The article distinguishes between static data and dynamic data and goes on to consider the relevance of student posts on social media as an accurate guide to the student experience, a key component of the many institutional attempts in China to capture this dimension of quality.
Overall, the chapter debates the extent to which an over-reliance on indicators and data may decontextualize the rich experiences and nuances found in the learning and teaching processes. There is the danger of over-simplification and the “exclusion of narrative” necessary for a full understanding of the knowledge process. Rather, the author supports a ‘variable geometry’ of approach to quality assessment and other forms of higher education accountability. This would seek to utilize both external data and indicators alongside a peer review methodology in which human opinion and assessment remains important.

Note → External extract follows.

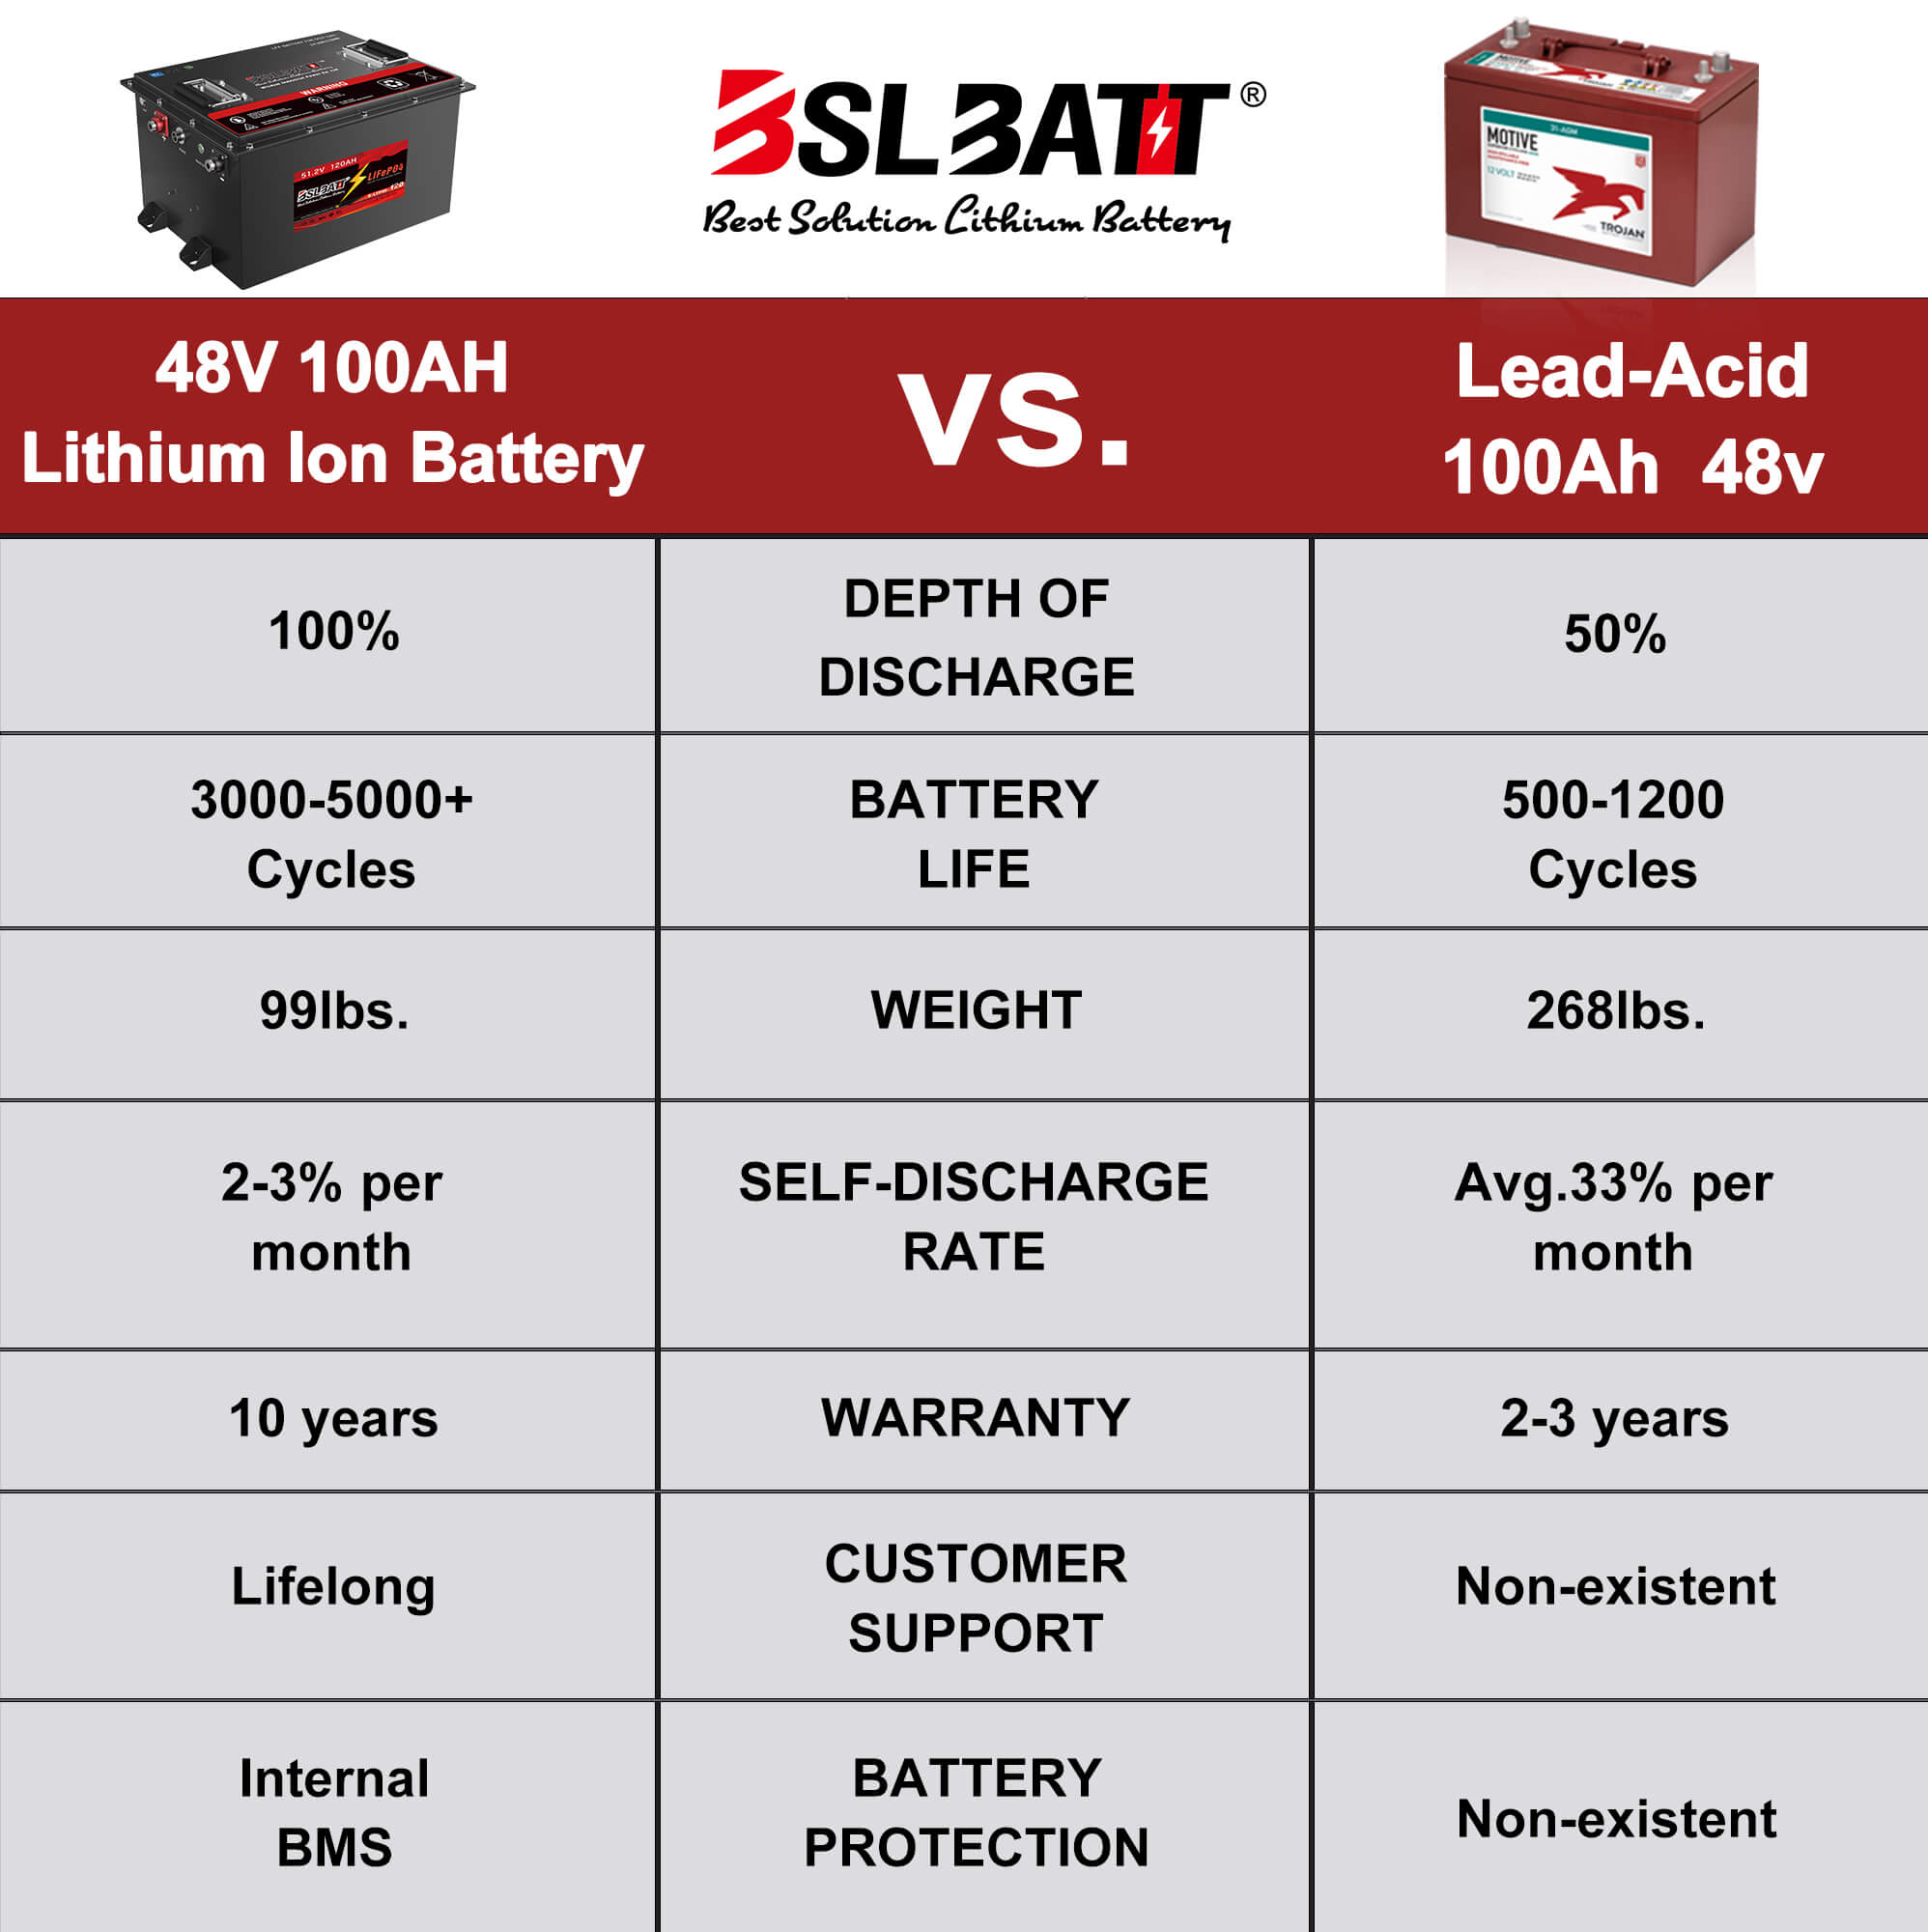 Lead acid VS lithium ion battery

Introduction: China and the Growth of a Mass Higher Education Sector
Higher education in China has grown at an extraordinary pace in recent decades. Between 1998 and 2015 the China Ministry of Education stated that total enrollment of college students rose from 3.4 million to 37 million, and the gross enrollment ratio reached 40 per cent (China Ministry of Education, 2017). Yet, as Jinghuan Shi et al. note, a focus on quantity is rapidly giving way to one based on quality and accountability, not least as a restructuring of the economy is leading to a slower growth rate: “the emphasis of Chinese higher education development has been shifting in recent years from quantitative expansion to quality improvement” (2018, p. 371). The external evaluation system under construction at the national level is being complemented by a number of internal quality assurance mechanisms within individual institutions. Parents and taxpayers, and government and students, are asking for increased accountability from institutions to provide assurance that value for money is being achieved. There is a special focus on student surveys and participation as methods for indicating and measuring both levels of quality but also quality improvement. “Governing the quality has become a new challenge in China’s higher education and answering the questions requires multi-dimensional thinking” (ibid., p. 373). Perhaps just as importantly, “most of the projects, if not all, allow for domestic and international comparisons by employing and constructing comparable benchmarks, indicators and test scores” (ibid., p. 378).
As a result the very notion of quality is expanding, with an original emphasis on globally indexed scientific papers (and world-class research rankings) now being accompanied by indices of how universities and colleges may contribute more intensively to communities, and general prosperity and wellbeing, including through innovation. “Rankings based on employability produced by third parties are helping to open up the black box of Chinese higher learning” (p. 375), and this development helps constitute a focus on outcomes, particularly graduates’ labor market performance. As higher education institutions have gained increased autonomy from direct control and supervision from the state, the task for central decision-makers is how to hold so many institutions to account without expending large amounts of additional resources and resorting to high levels of bureaucratic supervision and intrusion. Legibility at the center through the cultivation of data and the construction of appropriate indicators of quality is one means by which this may be achieved. What do countries outside China have to offer that may be worth exploring?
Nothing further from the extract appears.